Top of Raw data
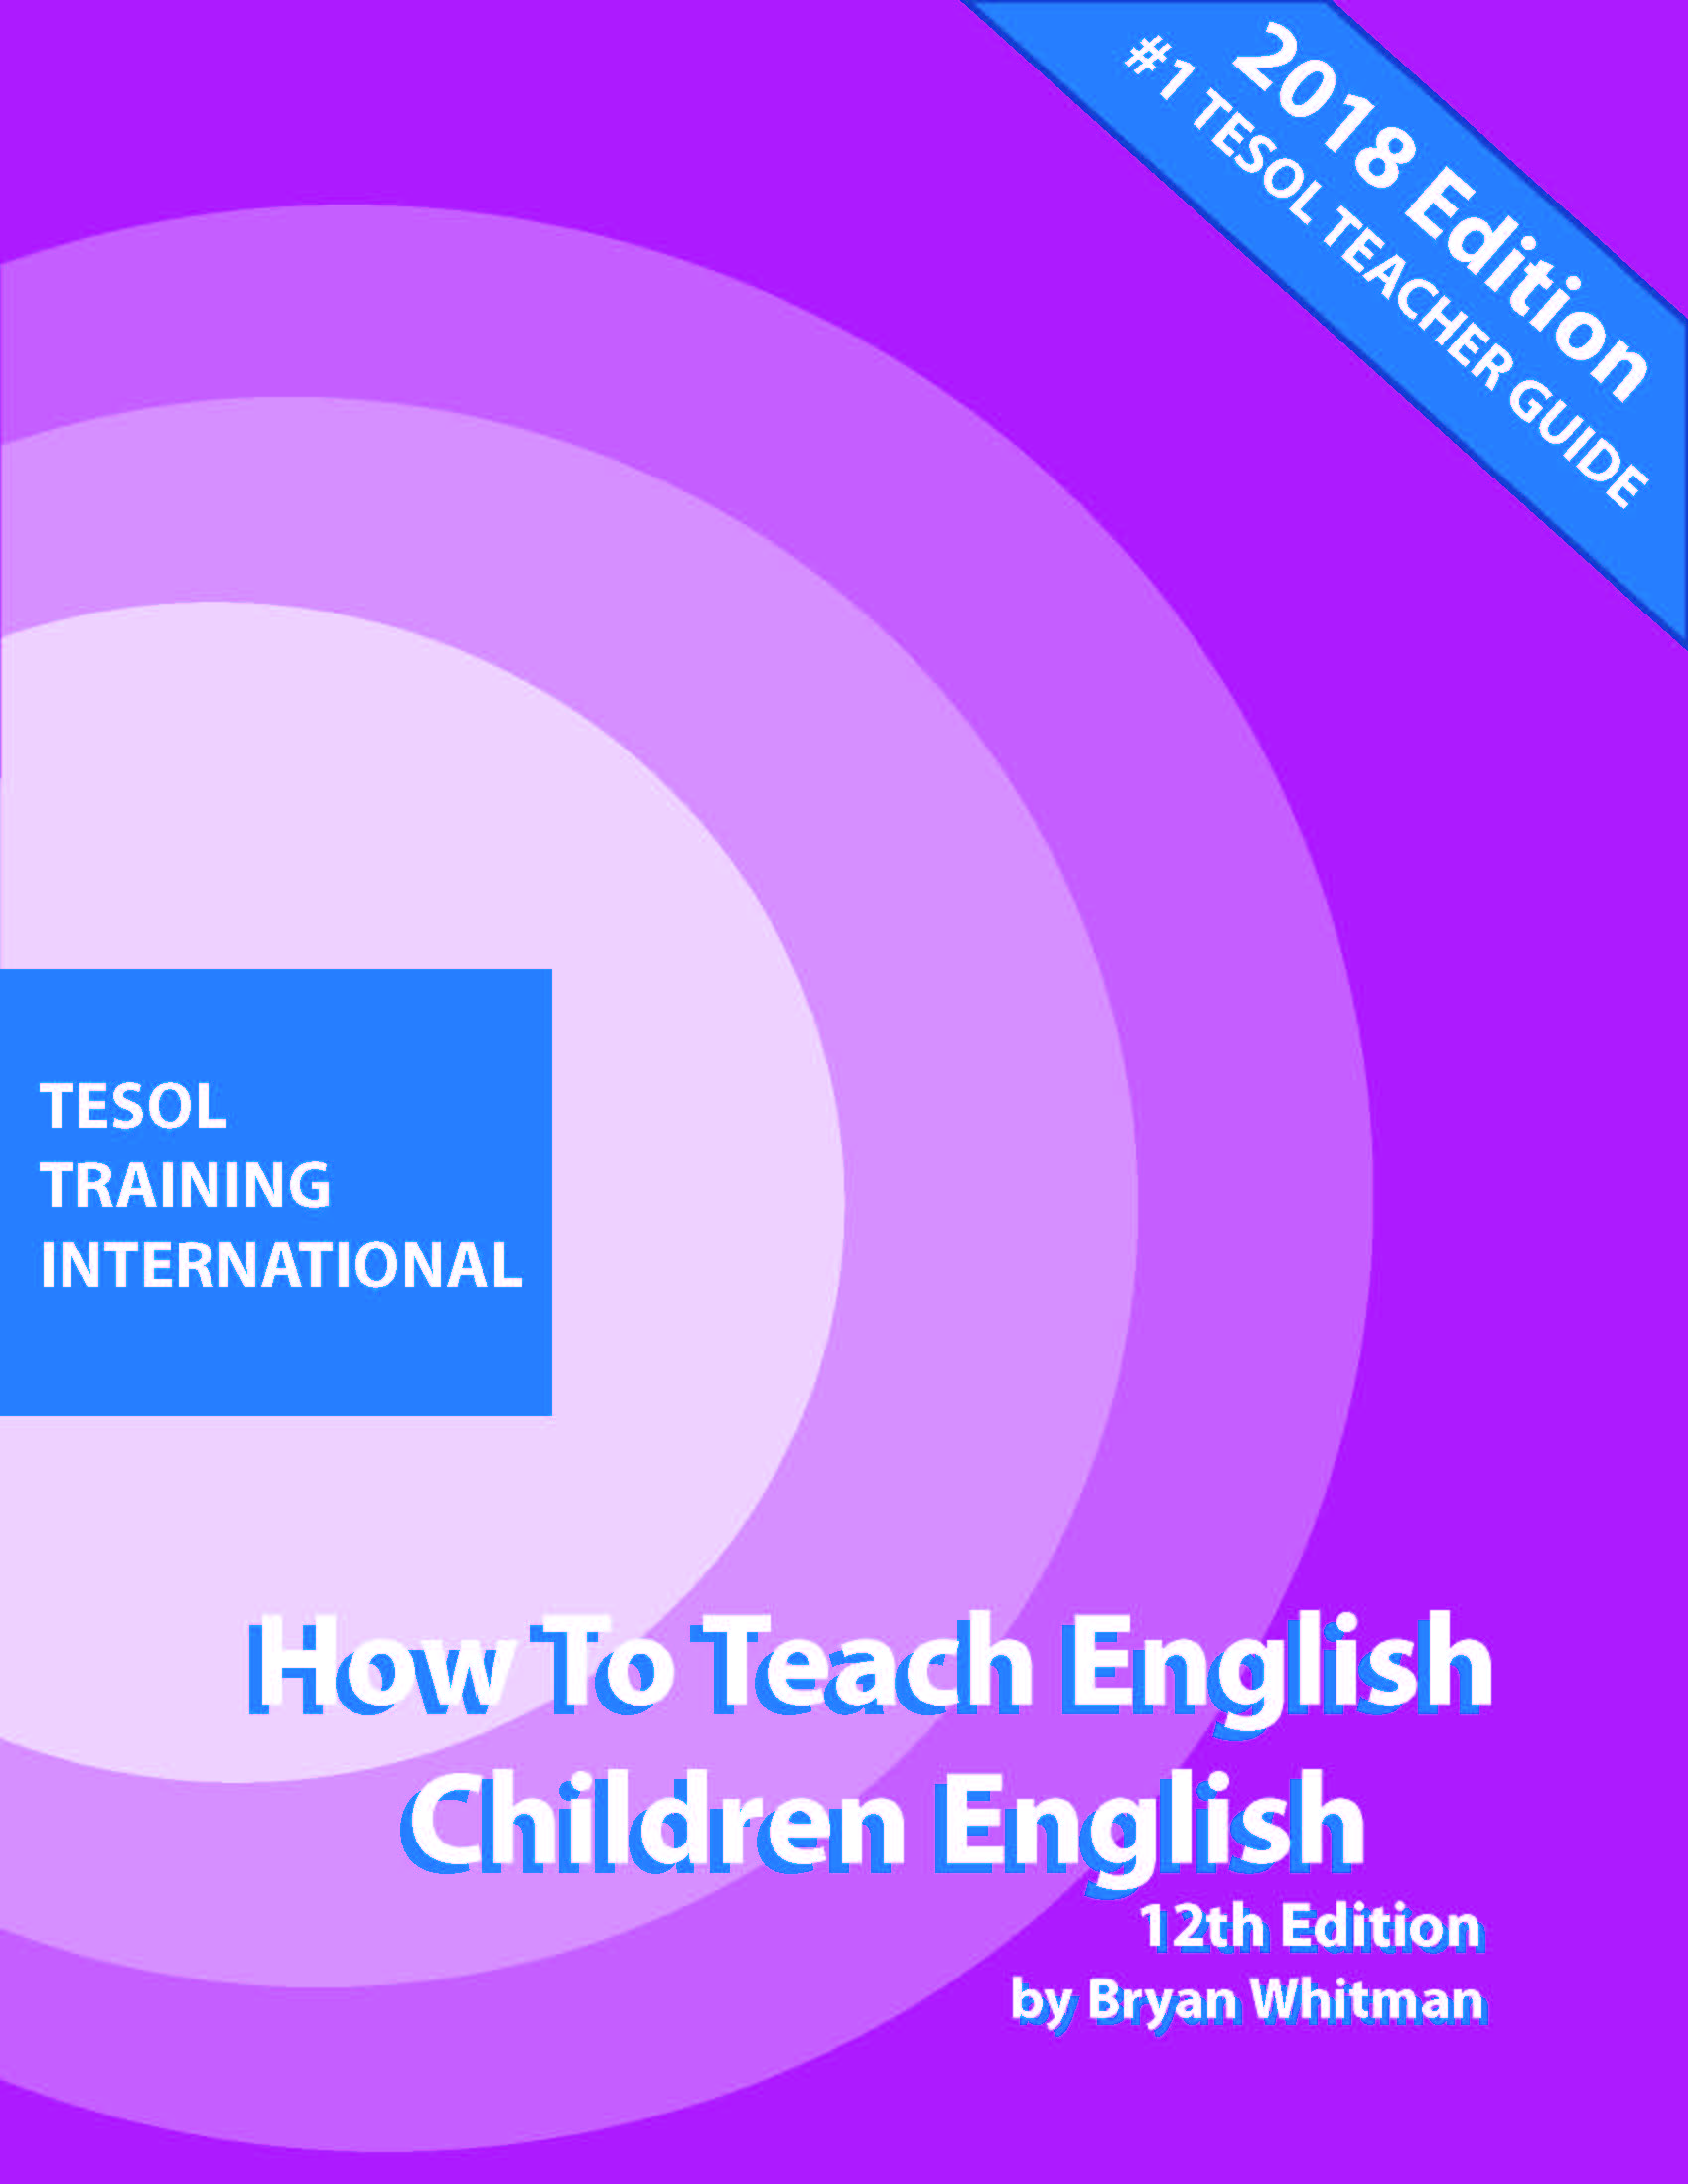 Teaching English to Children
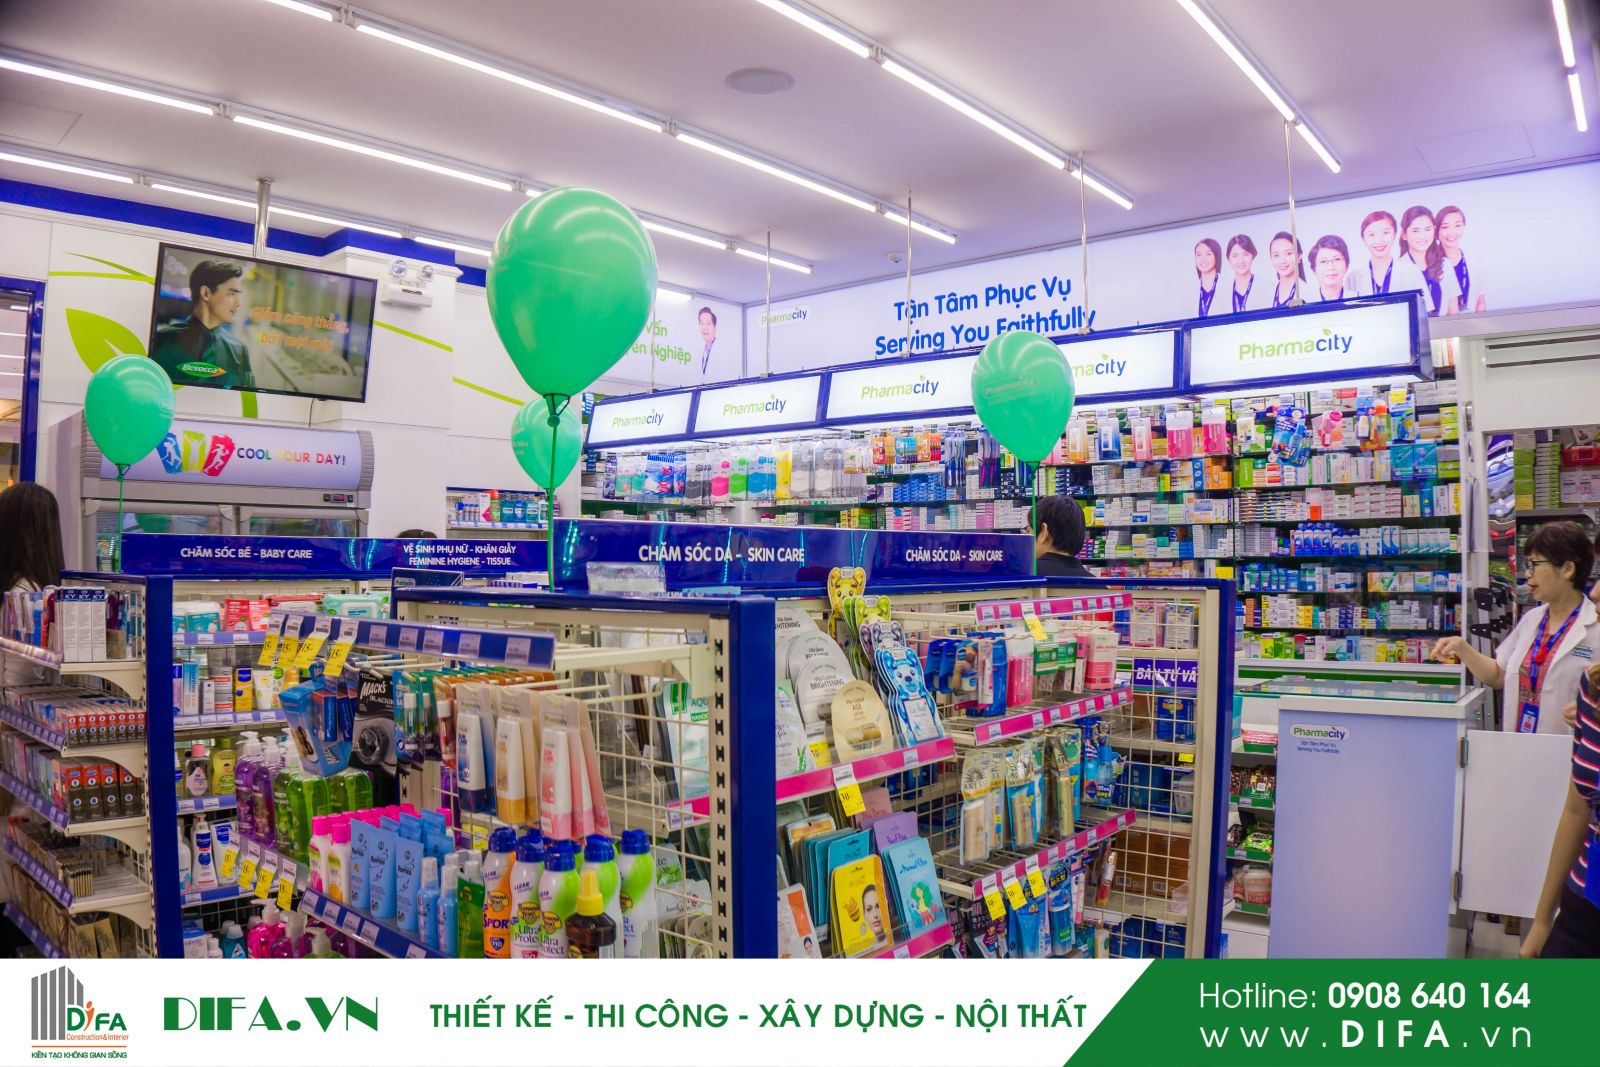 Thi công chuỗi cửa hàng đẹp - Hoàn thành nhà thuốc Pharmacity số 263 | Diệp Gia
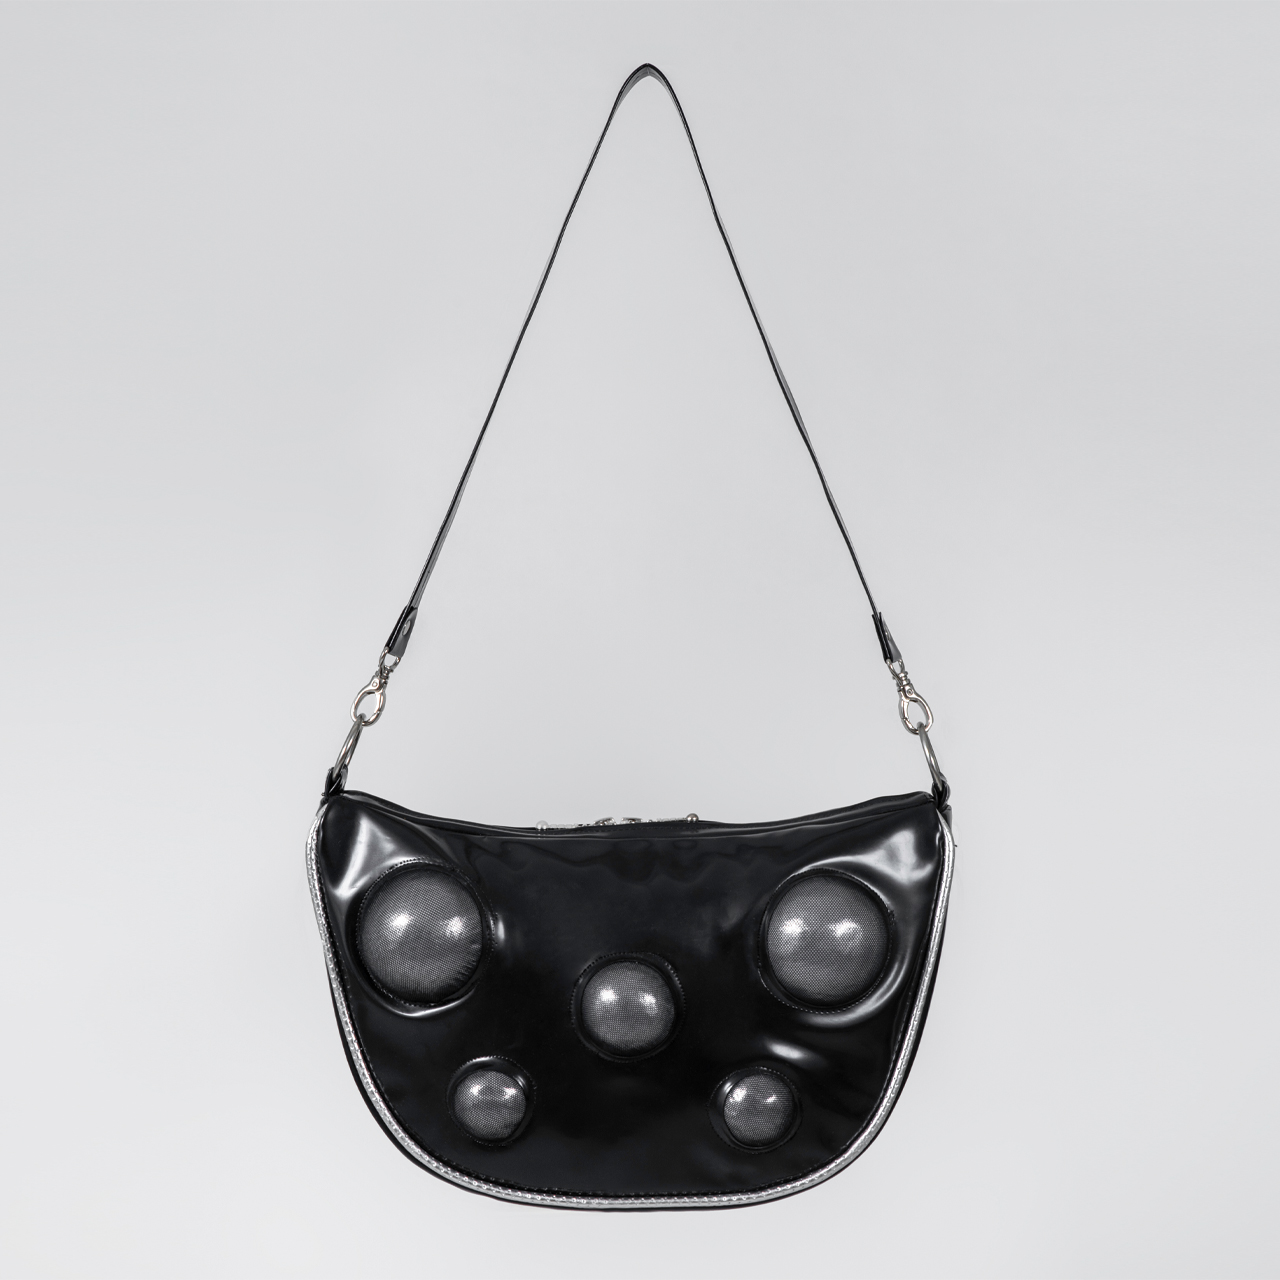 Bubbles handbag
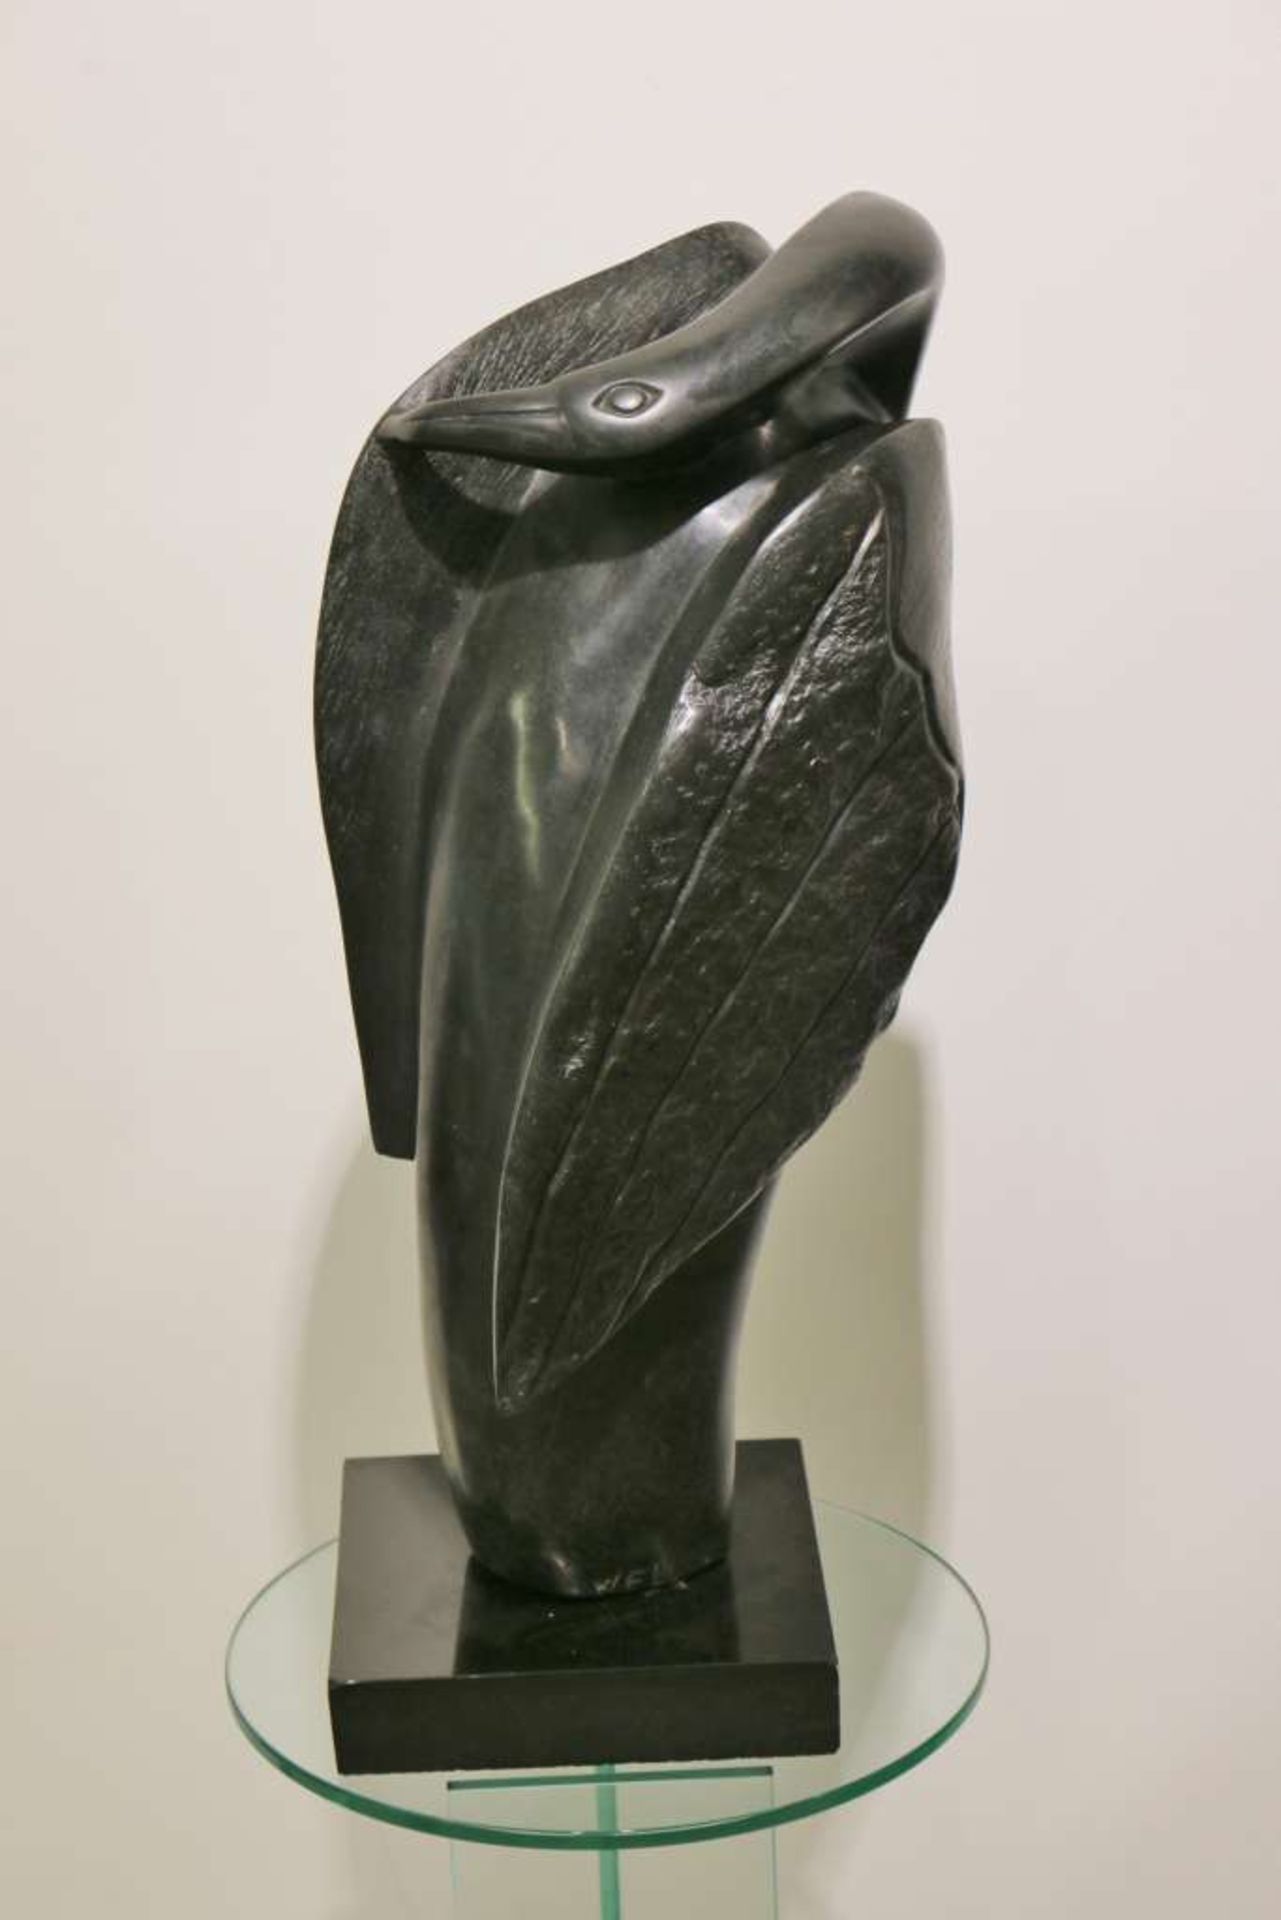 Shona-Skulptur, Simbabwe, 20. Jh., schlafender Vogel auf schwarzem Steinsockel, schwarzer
Bottom of Raw data
From the material above, output every line exactly as written, dropping any picture.

Solution to this exercise:
 Teaching English to Children
 Thi công chuỗi cửa hàng đẹp - Hoàn thành nhà thuốc Pharmacity số 263 | Diệp Gia
 Bubbles handbag
 Shona-Skulptur, Simbabwe, 20. Jh., schlafender Vogel auf schwarzem Steinsockel, schwarzer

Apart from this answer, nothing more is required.